# A nonlinear pattern recognition of pandemic H1N1 using a state space based methods.

AbstractGenomic Signal Processing is a relatively new field in bioinformatics, in which signal processing algorithms and methods are used to study functional structures in the DNA. An appropriate mapping of the DNA sequence into one or more numerical sequences enables the use of many digital signal processing tools in the analysis of different genomic sequences. Also, a novel Influenza A (H1N1) virus of swine origin emerged in the spring of 2009 and spread very rapidly among people. The severity of the disease and the number of deaths caused by a pandemic virus varies greatly and can change over time. Throughout this work Pandemic H1N1 genomic sequences were characterized according to nonlinear dynamical features such as moment invariants and largest Lyapunov exponents and then compared to those features that extracted from classical H1N1 genomic sequences. The proposed methods were applied to a number of sequences encoded into a time series using a coding measure scheme employing Electron-Ion Interaction Pseudo-potential (EIIP). The aim of this work is to extract genomic features that can distinguish the new swine flu from the classical H1N1 existed before using sequences from segment 8 of the influenza genome that consists of 8 RNA segments which encodes two important proteins for immune system attack (NS1 and NS2).
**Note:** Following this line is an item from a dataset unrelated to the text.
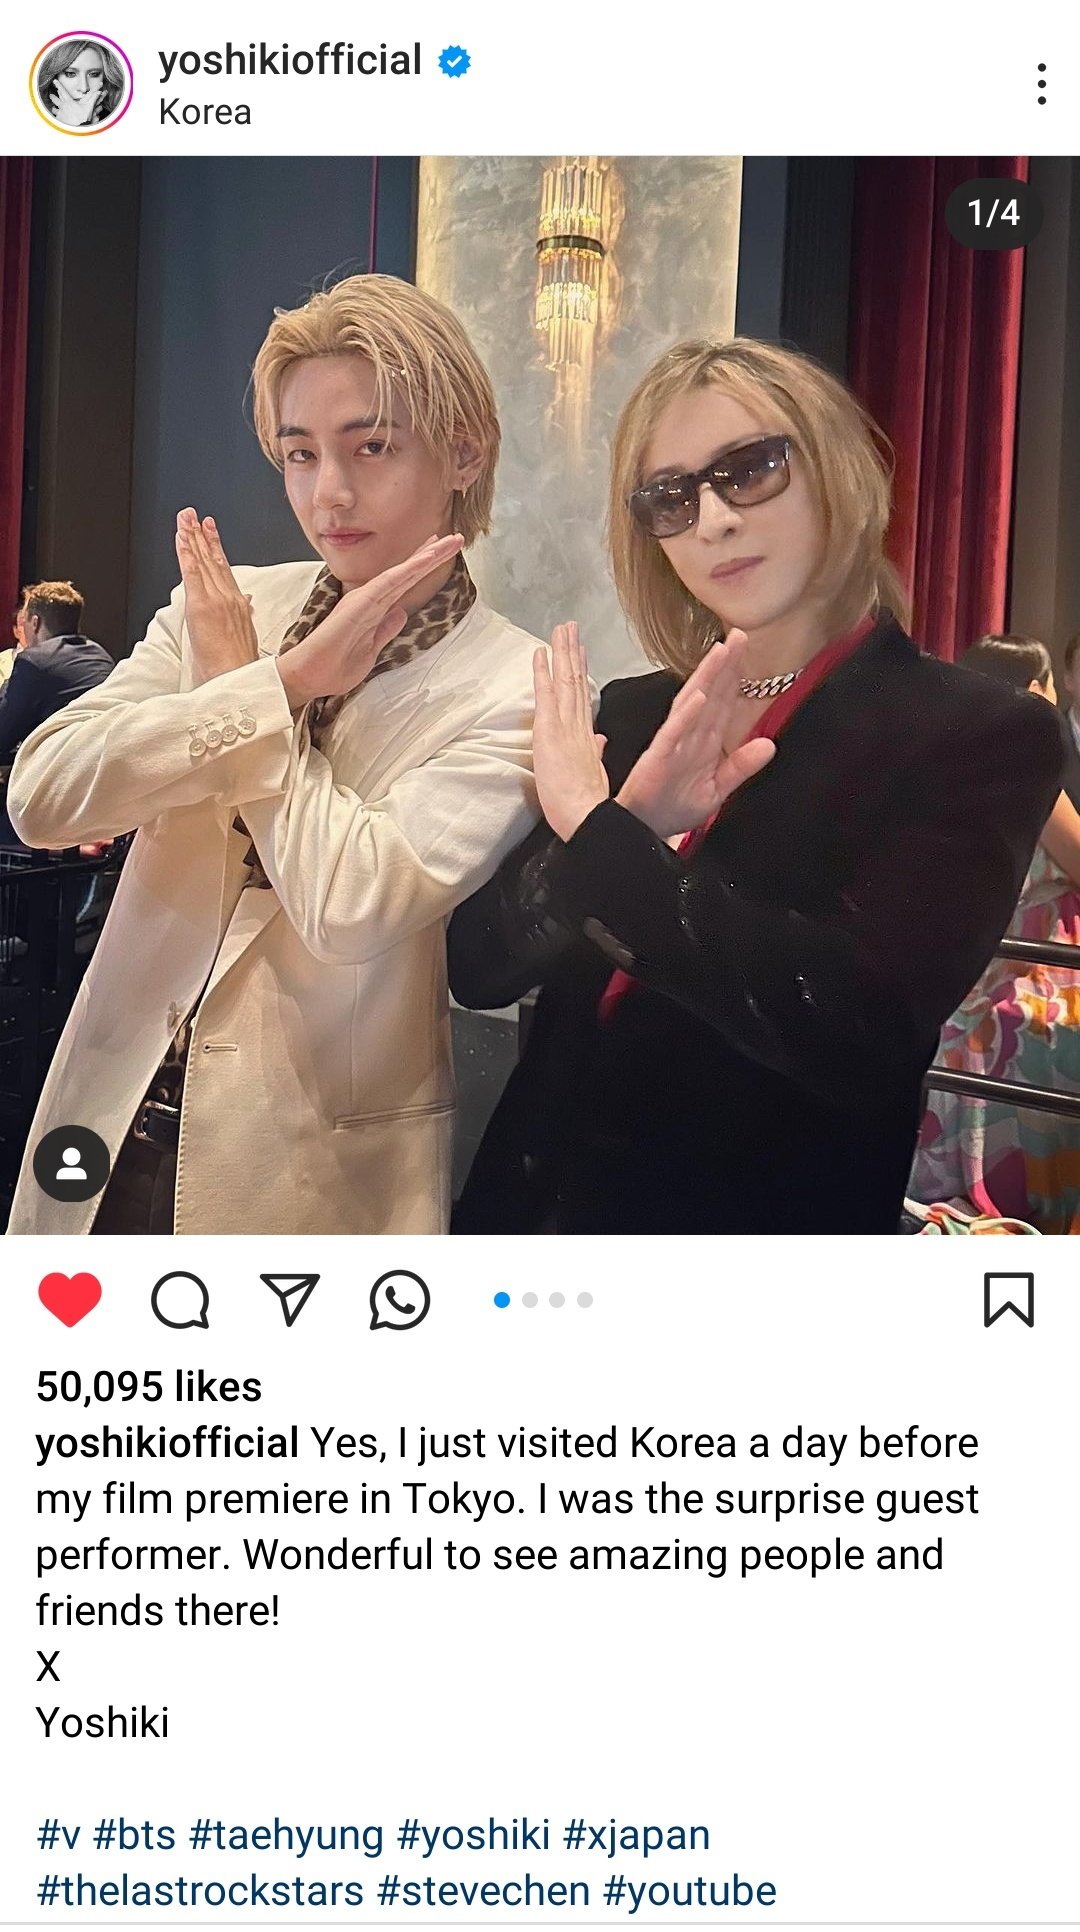 Taehyung India FB  FRI(END)Sˡᵒᶜᵏᵈᵒʷⁿ •◡• on X: 📸[IG] Yoshiki - Japanese  musician, songwriter, composer and record producer - posted picture with  Taehyung. Can we hope for an anime OST? 🥺 Mind

According to the obtained results it is evident that variability is present based on a significance test in both groups; pandemic and classical H1H1 sequences.

Avicenna I Med Biotech 2011; 3(1): 25-29

Keywords: DNA, Genome, H1N1 Subtype, Pandemics, Sequence

Introduction

The variations of pandemic HlN1 influenza virus are caused as a result of different mutations occurring during viral replication (1). The polymerase of this RNA virus lacks proof reading activity (2); this gives rise to considerable viral variability culminating in 3 different types A, B and C, in addition to many subtypes based on variations in the hemagglutinin (HA) and the neuraminidase (NA) surface proteins (3). The influenza genome consists of 8 RNA segments and encodes for 10 polypeptides; the internal structural proteins, nucleocapsid protein (NP), the two matrix protein (M) are used for the classification of the influenza virus into A, B and C. The surface proteins neuraminidase (NA) and hemagglutinin (HA) have been studied extensively and the antigenic variations in the these surface glycoproteins are used to subtype Influenza A. Additionally, three of the influenza polypeptides are associated with RNA polymerase activity (PA, PB1, PB2), and the RNA binding non-structural protein (NS) that contribute to viral pathogenicity and play a central role in the prevention of interferon mediated antiviral response. The Influenza A Virus (IAV) undergoes major and minor genetic variations, the yearly antigenic drift resulting in as minor as a single amino acid mismatch. Major variations known as antigenic shifts are the cause of serious outbreaks and pandemics as the 1918, 1957, and 1968 worldwide outbreaks (4). Changes in the genetic and antigenic composition result in challenges in the development of influenza vaccines and antiviral medications (5).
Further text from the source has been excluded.